The main educational focus of the Meiji period was on the great importance of traditional national political values, religion, and morals. The imperial version of education of 1890 encouraged a return to traditional Confucian values in the hierarchical nature of human relations, with the state superior to the individual, and the emperor over the state. The Japanese state was organizationally modernized, but preserved its national peculiarities. The position reinforced since 1905 has been that Japan must be a strong nation, at least on par with the Western powers. During the Shōwa period, the educational system was used to support the military state and prepare future soldiers.
The government has published official textbooks for all levels of students, and has promoted this through cultural activities, seminars, etc. The emphasis on texts such as Kokutai-no-shugi in schools was intended to emphasize the “uniqueness of Japan” from the ancient centuries.
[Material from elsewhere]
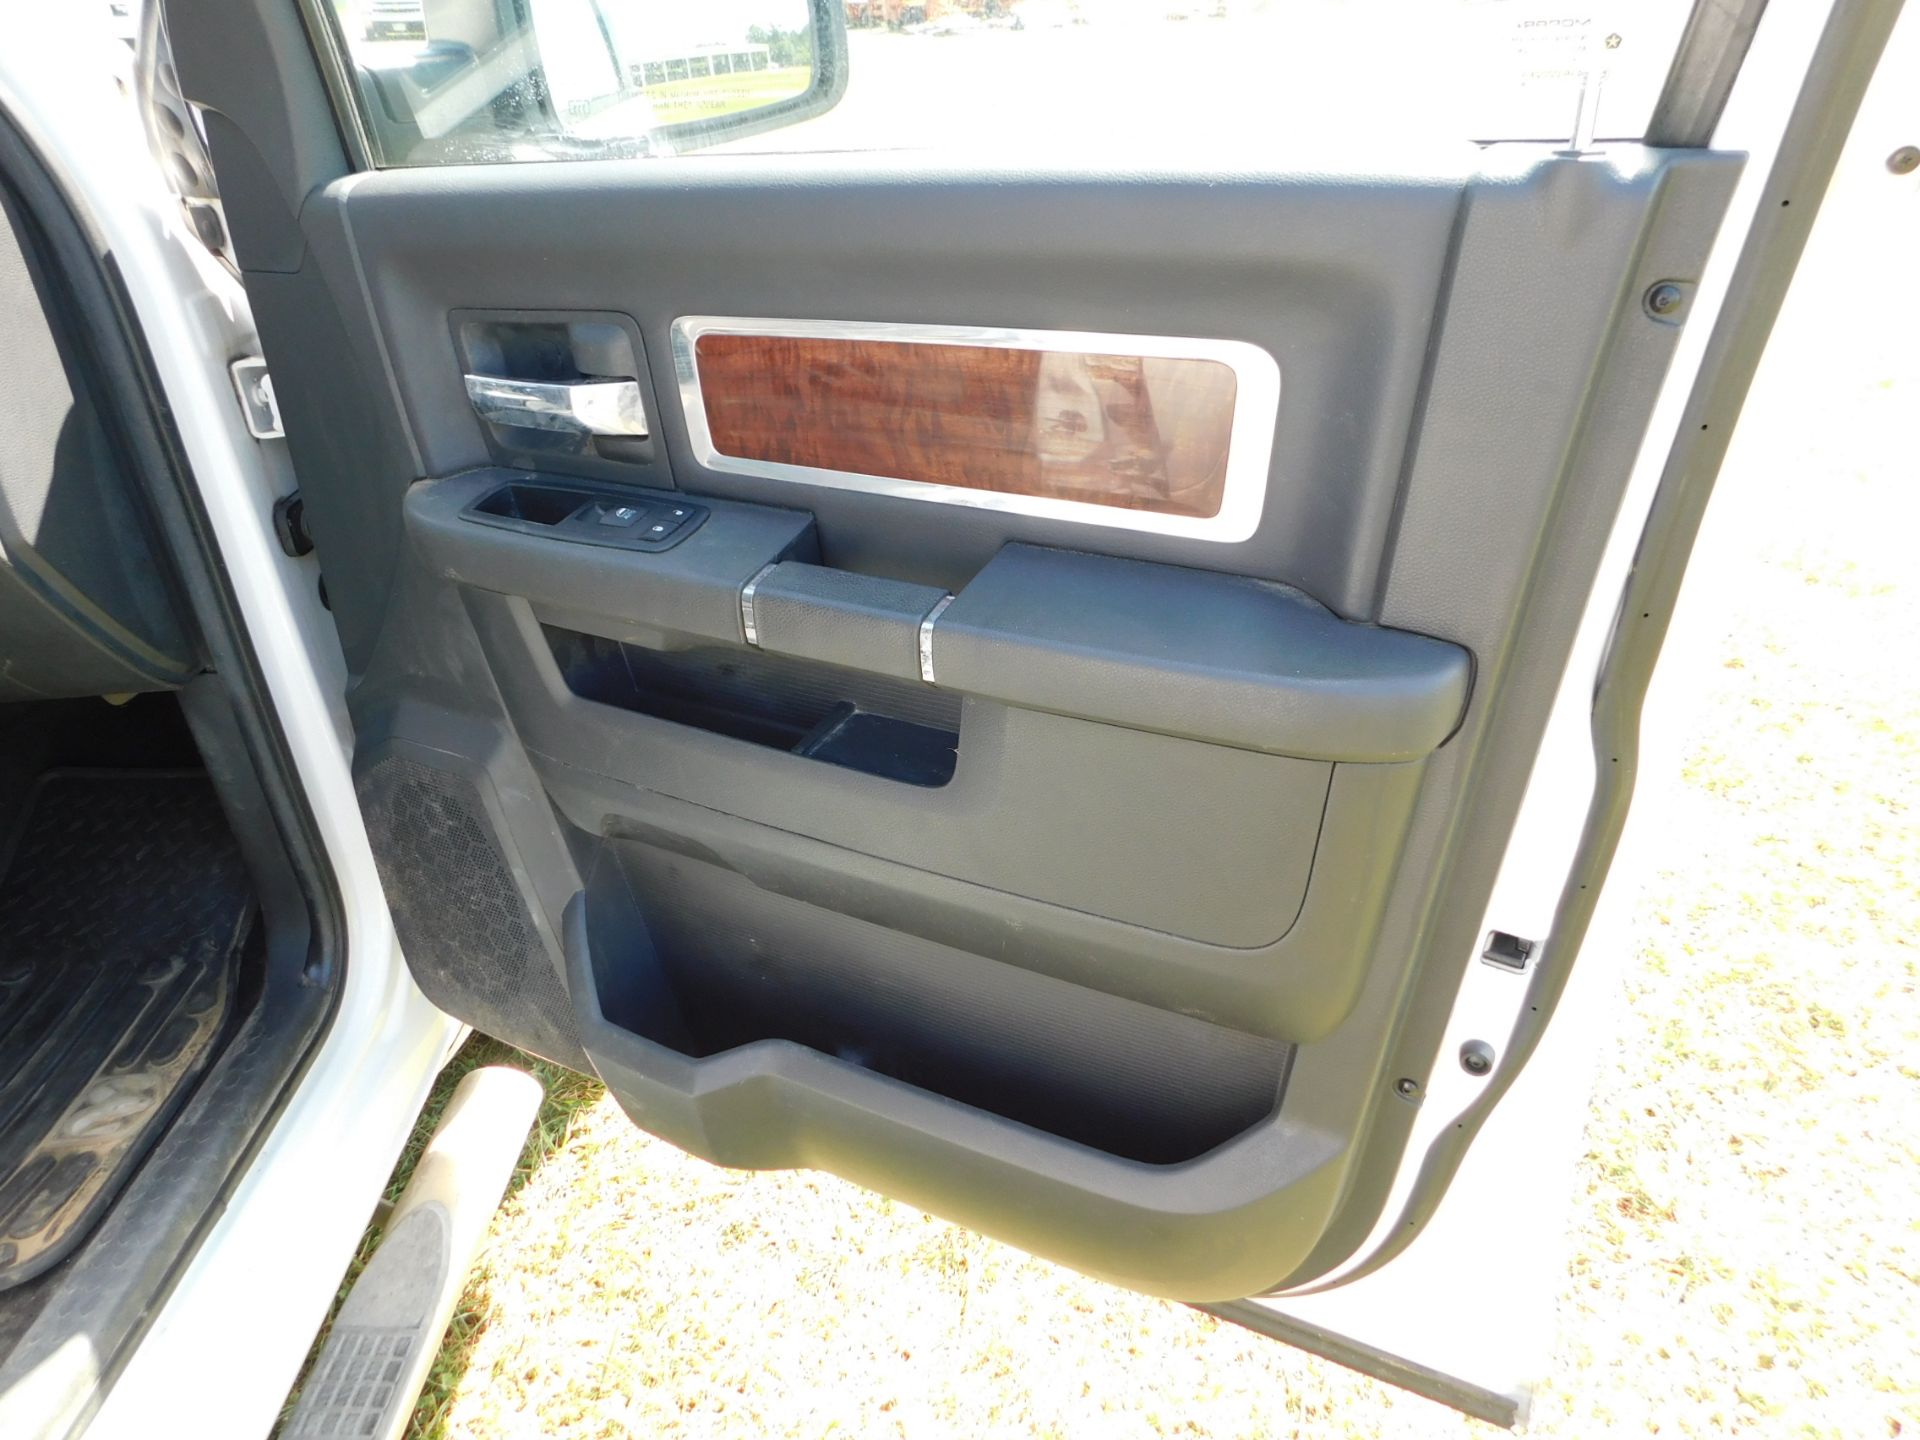 2012 Dodge Ram 1500 Pickup, Crew Cab, 6' Bed, Automatic, 4 WD, AM/FM,AC, PL, PW, Hemi 5.7 L - Image 43 of 53

These cultural courses were supplemented by military courses and survival courses against alien invasion.
Apart from indoctrination in nationalism and religion, children and school students received military training (survival, first aid ). The Imperial Youth Federation took these matters further . University students were trained, and some were recruited, for the defense of the homeland and regular military units. The young women received training in first aid and it was said that all these measures were taken to ensure the safety of Japan, and protection from larger and more dangerous nations.